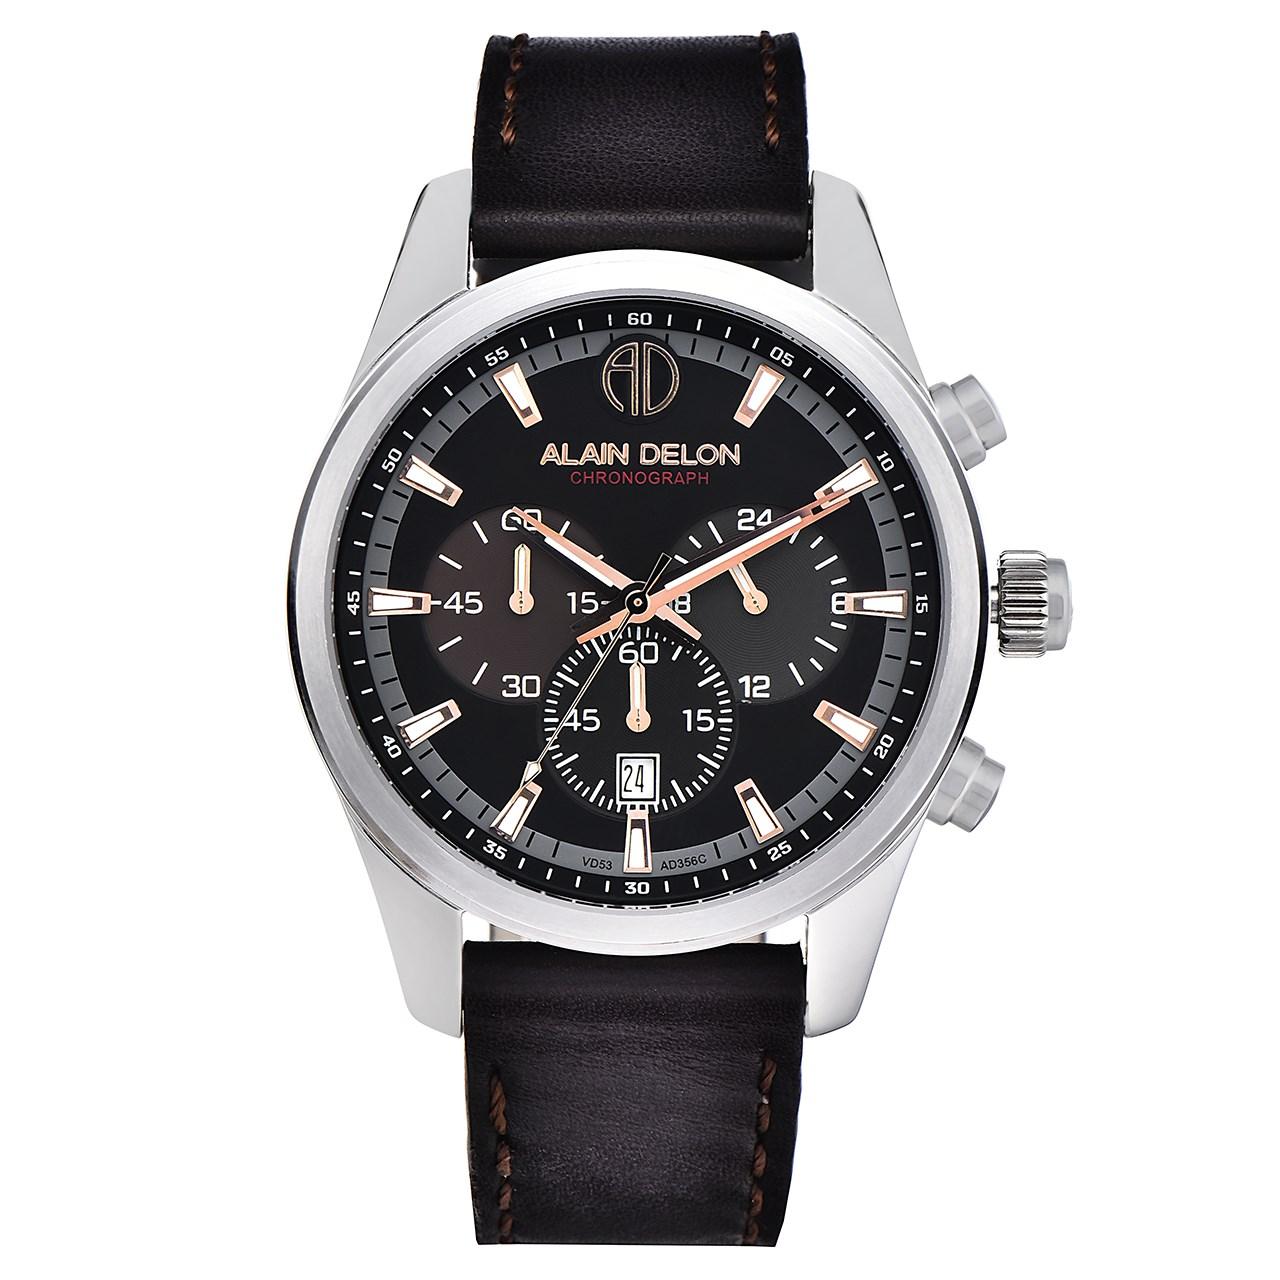 ساعت مچی عقربه ای مردانه آلن دلون مدل AD356-1349C
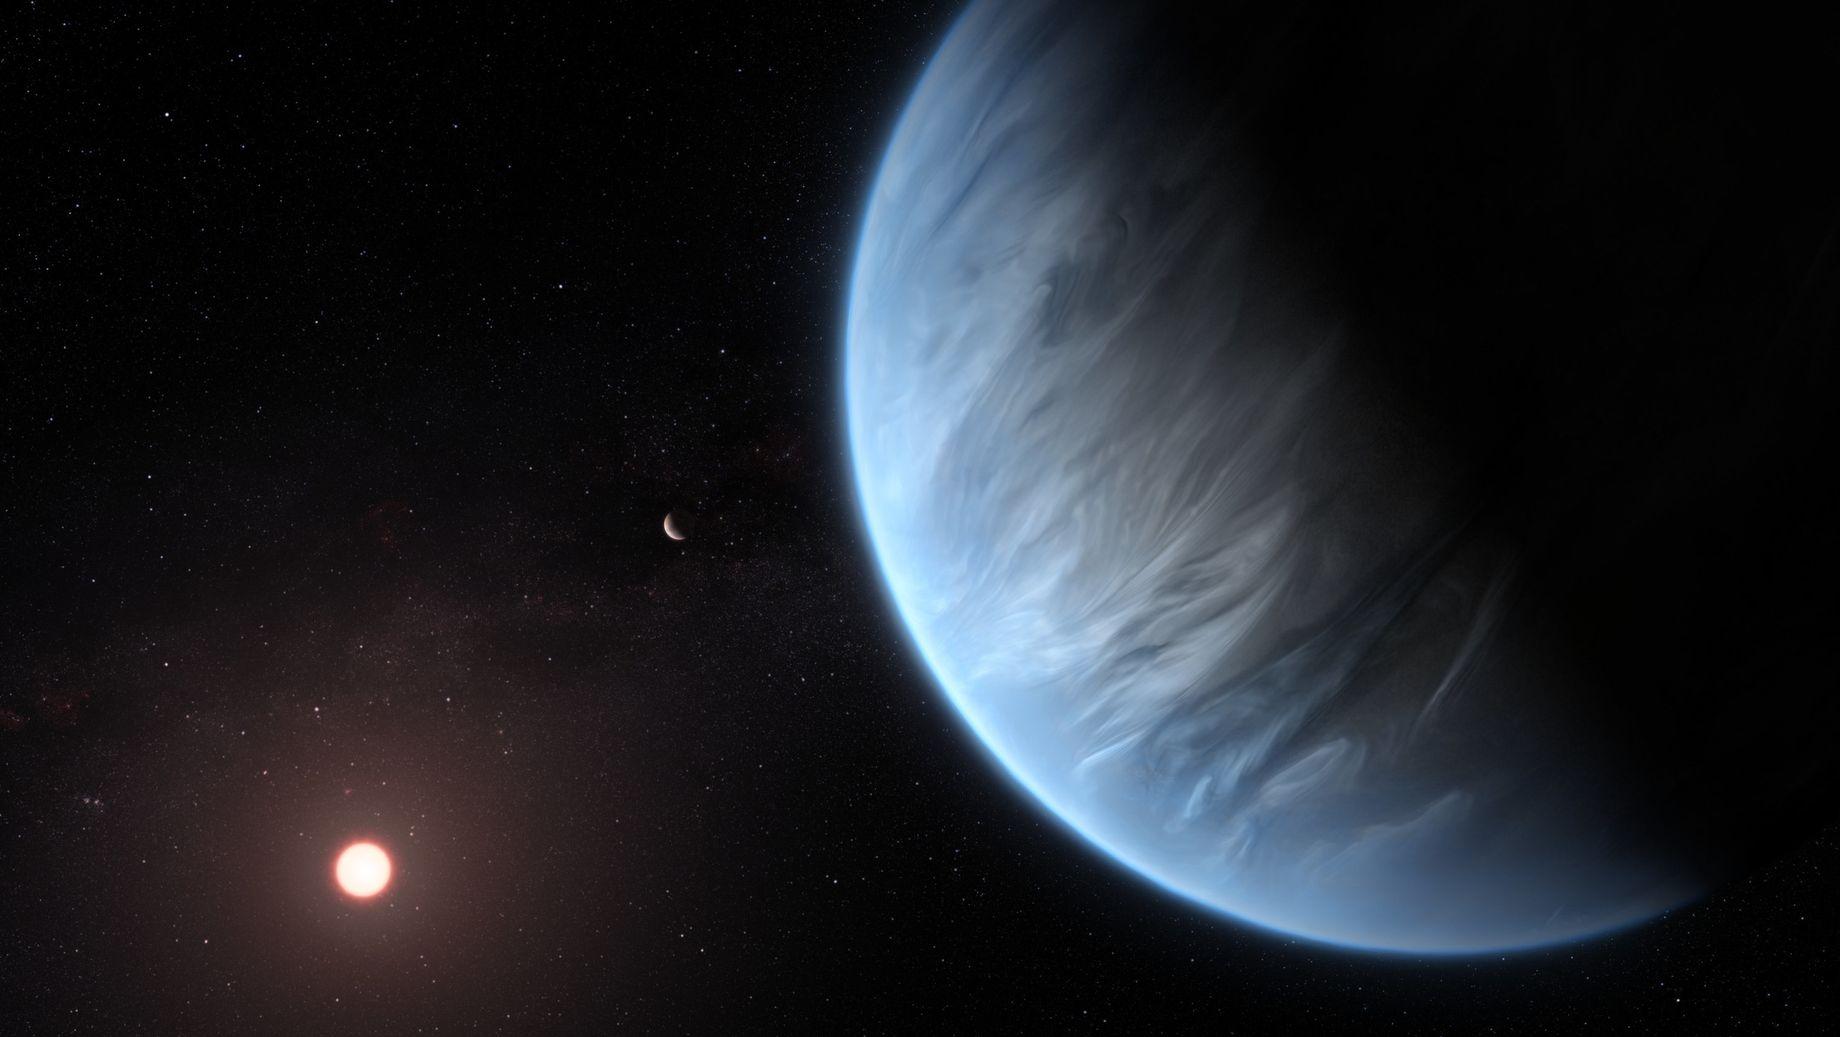 Die vom University College London Centre for Space Exochemistry Data Research zur Verfügung gestellte Darstellung eines Künstlers zeigt den Exoplanet K2-18b (r) und seinen Gaststern (l) und einen begleitenden Planeten in diesem System.
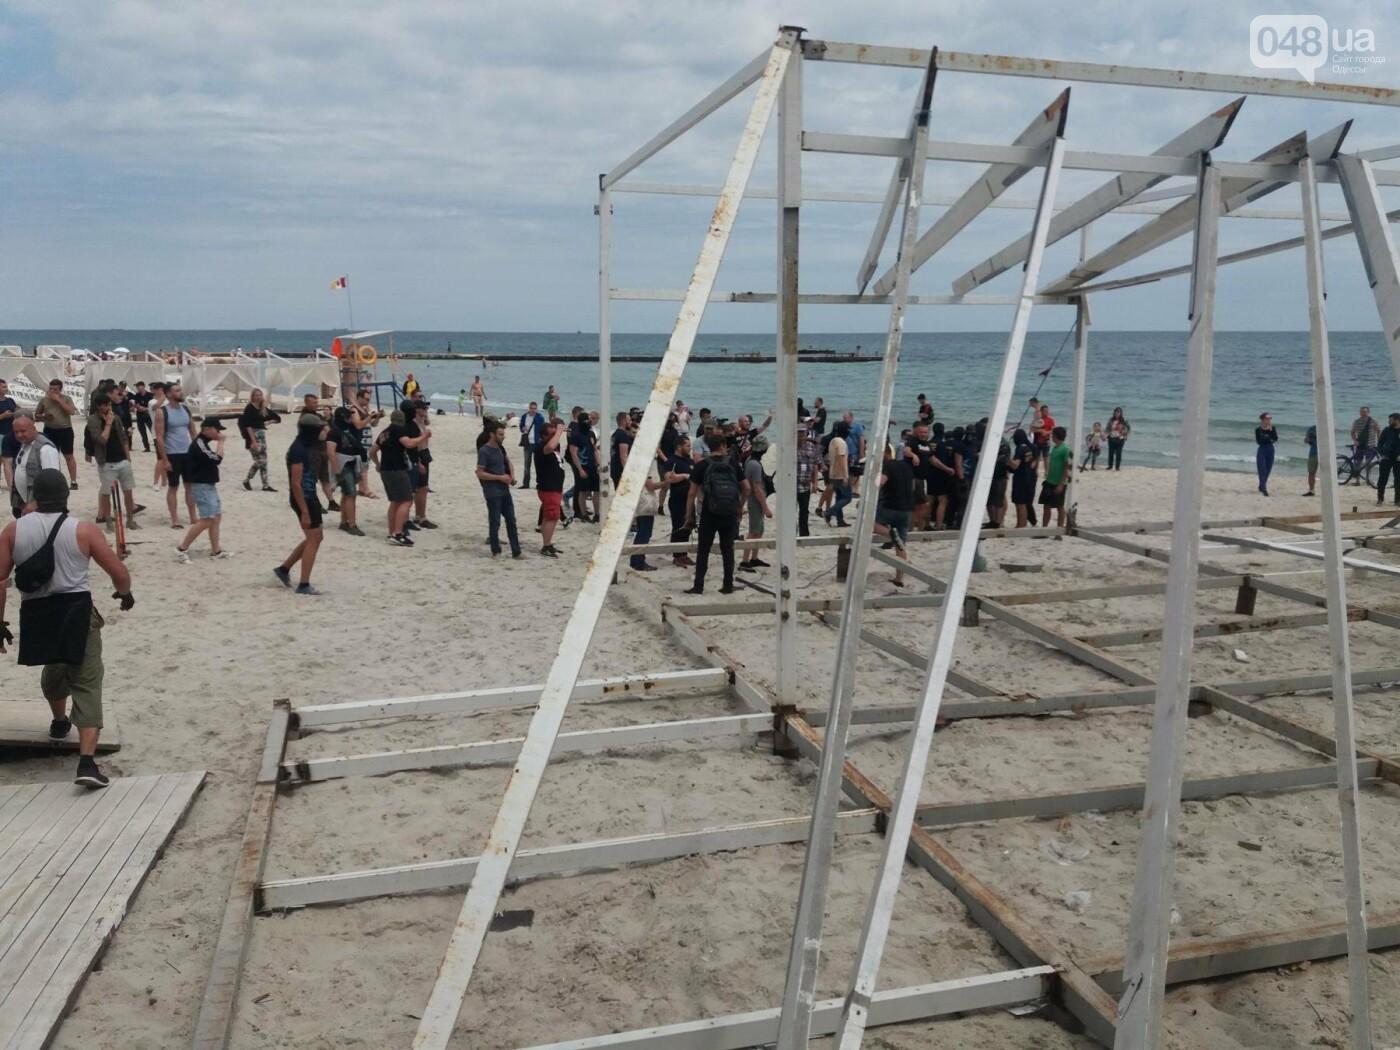 На Одесском пляже прошла акция по демонтажу незаконного сооружения, - ФОТО, ВИДЕО, фото-9

_Brief_
Write out all the material verbatim, images excluded.

_Your response_
 ساعت مچی عقربه ای مردانه آلن دلون مدل AD356-1349C
 Die vom University College London Centre for Space Exochemistry Data Research zur Verfügung gestellte Darstellung eines Künstlers zeigt den Exoplanet K2-18b (r) und seinen Gaststern (l) und einen begleitenden Planeten in diesem System.
 На Одесском пляже прошла акция по демонтажу незаконного сооружения, - ФОТО, ВИДЕО, фото-9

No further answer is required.